Episode Report Card Couch Baron: A- | 507 USERS: A- YOU GRADE IT A Turkey Lurkey Christmas To You, Jerky
By Couch Baron | Season 4 | Episode 2 | Aired on 2010.08.01
Back at the party, Joan's leading a conga line, and once they take a break, Lee Jr. asks where Santa is. Roger replies that he didn't show, but Lee Jr. says he's sure he congaed by a Santa costume, and suggests Roger put it on. Roger declines, and Pete's actually up for doing it himself, but Lee Jr.'s got a bee in his bonnet about Santa having white hair, and soon he's dropped any pretense of this being a request and is telling Roger to get in the damn suit already. Roger, after a pause, heads off to get it, and while this is not a little creepy, it's probably no weirder than some of the stuff in which he participated while in the Navy. Also, it seems like appropriate karmic retribution for his blackface performance.
The Francis family arrives home to find the place trashed, and Henry correctly guesses kids are responsible. Of course -- adults would know this place is way too boring to be worth breaking into these days.
Jane asks Pryce where his lovely wife is, and Pryce says she and his son are back in London, where he'll join them shortly. In honor of Pryce's British heritage, I'll give that one a hearty "Pshaw!" Roger then emerges from one of the offices in the suit, rather unsteadily if I do say so myself, and gives a present to Lee Jr. -- a Polaroid. Lee Jr. seems genuinely touched in his gruff, closeted way, while elsewhere, Don wishes Peggy, or "sweetheart," as he calls her, a sincere Merry Christmas.
Back at the Francis residence, we hear Bobby freak out off-screen at the eggs in his bed, but Sally discovers that not only is her room fine, Glen has left his lanyard on her pillow. She smiles, as you do when you discover you have your first juvenile delinquent stalker.

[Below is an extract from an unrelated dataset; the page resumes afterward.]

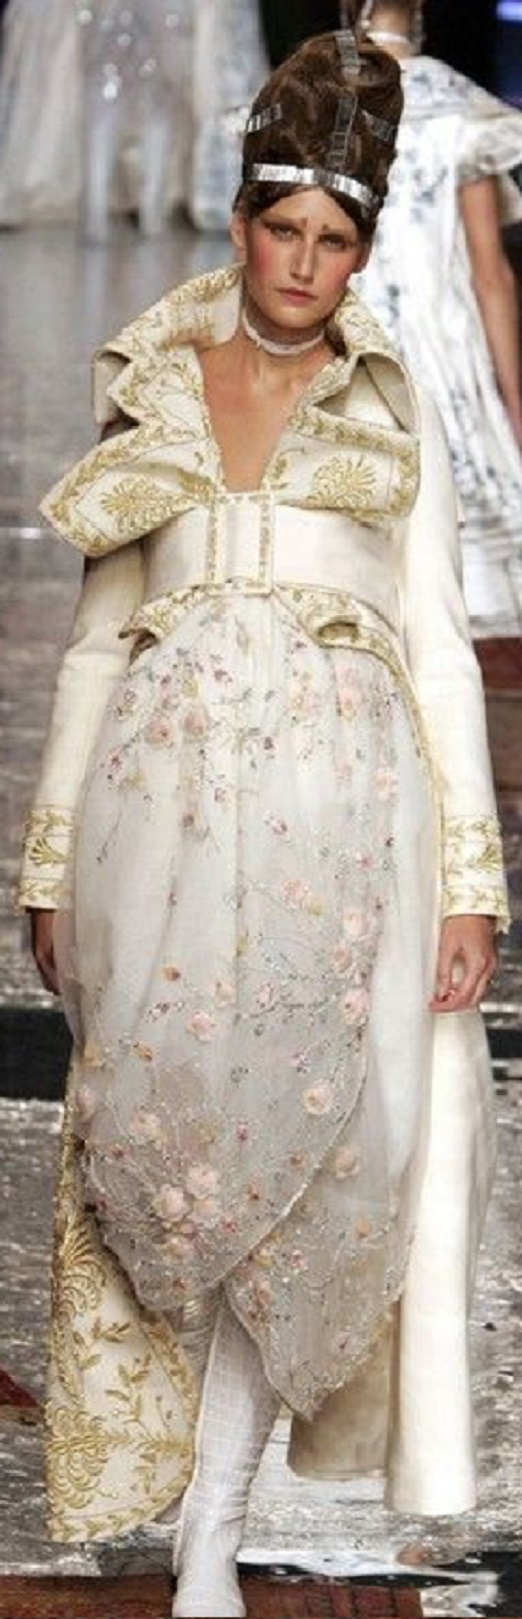 Dior Haute Couture spring - summer 2005 - John Galliano

Don's packing up when Dr. Miller knocks and enters, complaining she's not allowed to leave until her boss ("Jeff") and Bertram "figure out how to take food from children." After learning she has four Christmas parties to go to and offering appropriate condolences, he invites her to have a seat, but she declines in favor of saying she wanted to make sure they have no problems, as he's the "creative shaman" at SCDP, yet he didn't take the test and walked out on her presentation, and she's disappointed, particularly since she went to the trouble of investigating him thoroughly. He admits that he doesn't think her method of research is particularly productive, but she tells him they're in the same business -- they both help people to sort out the conflict between what they want and what's expected of them. She said almost exactly the same thing when discussing the questionnaire earlier, but Don's mind was focused on thoughts of escape long before that, so I suppose it's logical that he's taken aback by the profundity of her point of view.